I'm having a confusion with understanding the equality of rvs.

If $X \sim Exp(1)$ and $Z=2X$, then $Z \sim Exp(\frac{\lambda}{2})$. If also $Y \sim Exp(1)$, then $X$ and $Y$ are iid and $Z=X+Y, Z \sim Erlang(2,1)$. I don't quite understand the case when, for example, $Z=X+X$, or (equivalently?), $Z=X+Y$ when $Y=X$, because I don't fully understand what it means for two rvs to be $equal$.

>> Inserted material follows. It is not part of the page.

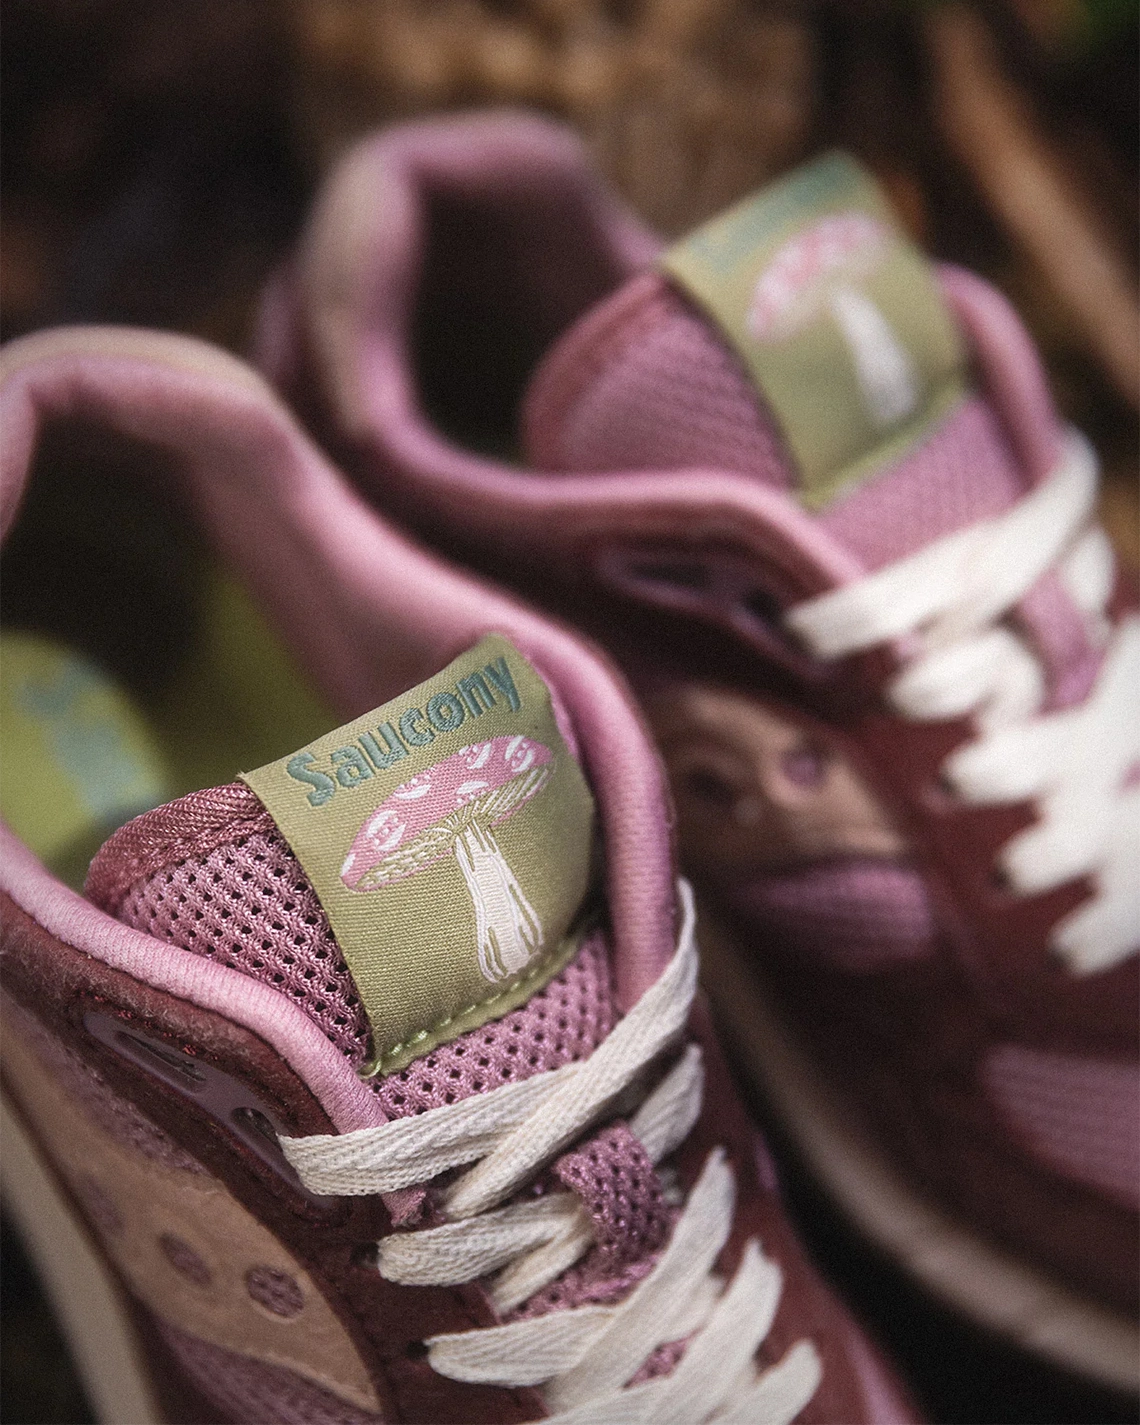 Saucony Celebrates Earth Day with Mushroom-Based Formula Footwear Lineup
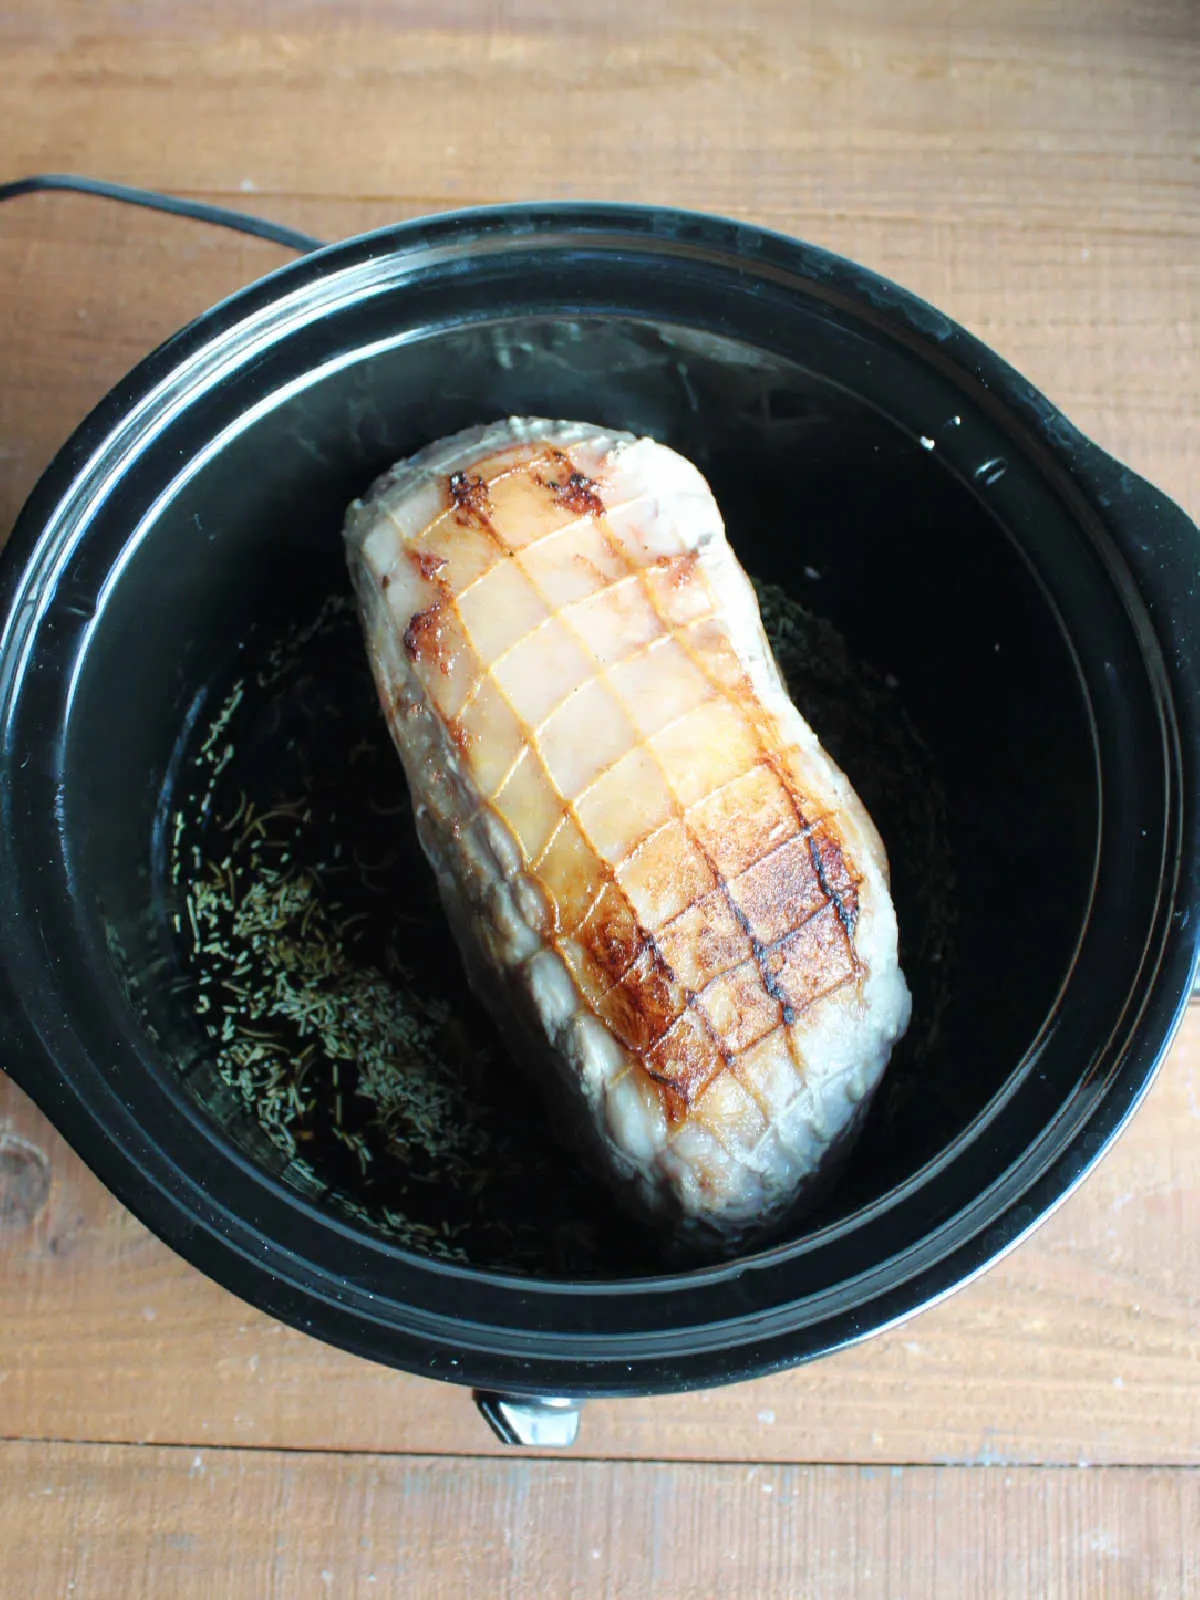 Browned pork shoulder roast in crockpot with balsamic vinegar, honey, and herb mixture ready to cook.

From the axiomatic point of view, if $\exists$ probability triple $(\Omega, \mathcal{F}, P)$ with two measurable functions $X,Y$ defined on this triple, for these two measurable functions ('random' 'variables') to be equal is to have $X(\omega)=Y(\omega) \ \forall \omega: X,Y \subset \mathbb{R}$ except maybe $\omega$ with Lebesgue measure $0$. The strict inequality, e.g. $X_n(\omega)<X(\omega) \ \forall \ n$ is then used for proving sure/almost sure convergence of rvs.

I don't quite understand how to apply the equality in axiomatic sense to the problem above, e.g. finding the distribution of $Z=X+X$ and $Z=X+Y$.

Answer 1

This only addresses the "...I don't fully understand what it means for two rvs to be equal" part of your question.

Random variables are functions.

• Two random variables $Y_1:(\Omega,\mathscr{F},P)\rightarrow\mathbb{R}$ and $Y_2:(\Omega,\mathscr{F},P)\rightarrow\mathbb{R}$ are equal od $Y_1(\omega)=Y_2(\omega)$ for all $\omega\in\Omega$. In shuch case, the also have the same distribution.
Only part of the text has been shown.